There was a good side to learning this, and that was that I learned to question everything. Kids who are taught the prevailing wisdom of science never have their beliefs challenged. In fact, in High School I was surprised to find many atheists who were as dogmatic and wonderless as their fundamentalist religious counterparts. I'm glad that I was reminded over and over again that evolution was "only" a theory, because this has put all of human scientific discovery into perspective for me.

 

Religion gave us the frameworks for the science that we have today. In fact, much of the science that we do now is done in the name of humanism - a direct descendant of Western religion.  Scientists who think they can achieve objectivity are like people who have never travelled and don't realize they have an accent.  For all of the trash talking that faith gets, you can’t have science without faith in constants. It can be absurd when fundamentalist Science battles fundamentalist religion, because the two end up sounding similar.

 

But I don't want to say that Ken Ham isn't an idiot (albeit a wealthy one) or that it's fine to teach Creationism as fact and the Bible as science.

 

The Bad:

 

Scripture abandoned in the home leads to a generation no different from the world.

For me, one of the worst effects of growing up with creationism was the loss of wonder.  I lost interest in the life sciences because there was nothing new to be discovered.
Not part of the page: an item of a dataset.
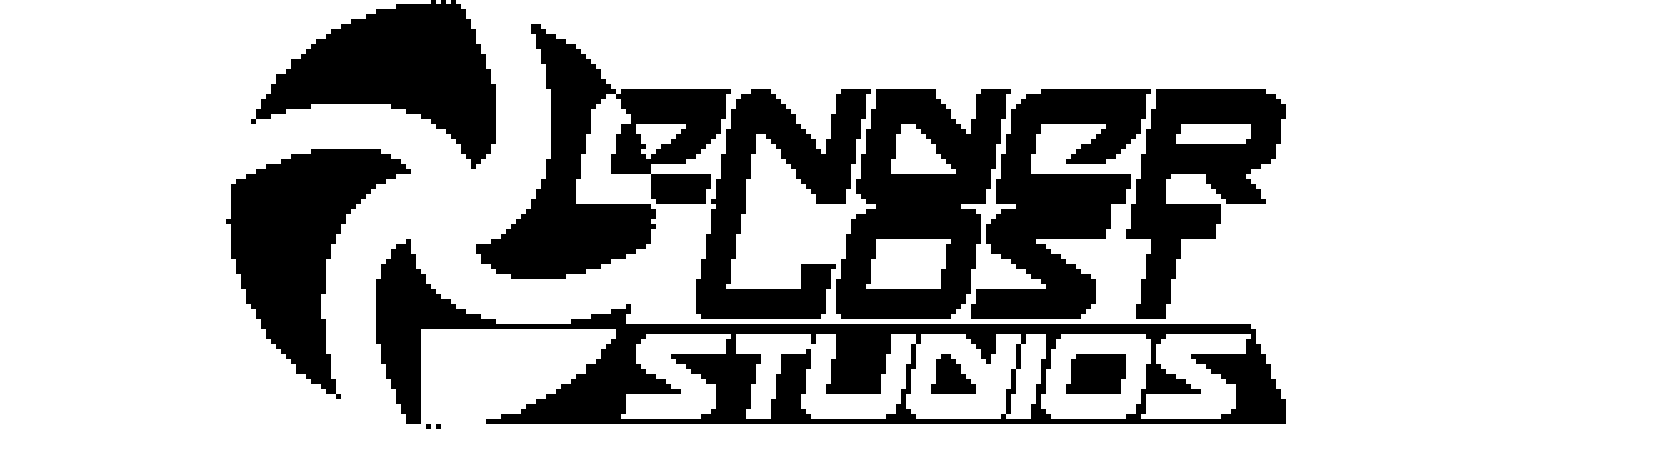 EnderLost Studios - Logo.png

Jesus had to come back in the next few thousand years, before the Earth could go through any drastic changes that would prevent human life and cause us to seek refuge on the nearest habitable planet. My textbooks mocked scientists who searched for other forms of life in the cosmos. How dare they waste their money searching for something that God had decreed couldn't exist?

 

The Ugly:

 

By far the worst thing about growing up with Creationism is the fear. I became afraid of insulting a vindictive God by imagining that there were life beyond His perfect Earth, or that life had originated in any other way than the 7 day process described in a 4,000 year old book. To deny creation would be to deny God's perfection. How could evolution have happened if God had created a world without death? The main reason for clinging to Creationism is to prove that we humans caused death. Our collective sin, of which we are all guilty, caused all of the pain and suffering in the world.

 

Things have evolved slightly since the day of Copernicus and Galileo. Baptists and Presbyterians won't pull out your fingernails or use a thumb screw on you if you believe that the Earth wasn't created in seven days.  Many do, however, have the power to excommunicate or "discipline" members if they don't believe that: "The Bible is the revelation of God's truth and is infallible and authoritative in all matters of life and practice.*"

 

The Good (again)

 

I don't want to end this post on a negative note, so I'll revisit the positive. The good is the fact that I don't believe Creationism anymore. When I stopped believing it was less like the disillusionment of realizing that Santa isn't real and more like being let out of a dark closet for the first time. Clearly, some worldviews are better for my sanity than others, and I'm glad that the one that is backed by science isn't the one where a bunch of old men decide who is and who isn't allowed to speak in church.

 

Giving up creationism means that my sense of wonder has been restored with a vengeance. All of the things that I wasn't supposed to wonder as a 10 year old I now wonder about in full force. Is there life in the stars? Is the universe infinite? Are there infinite versions of myself? If I can imagine God, does that make God possible? And if she is possible, in an infinite universe must she exist?

 

I don't know the answers. I don't expect to ever know the answers. But I can search and imagine and wonder, and this is beautiful.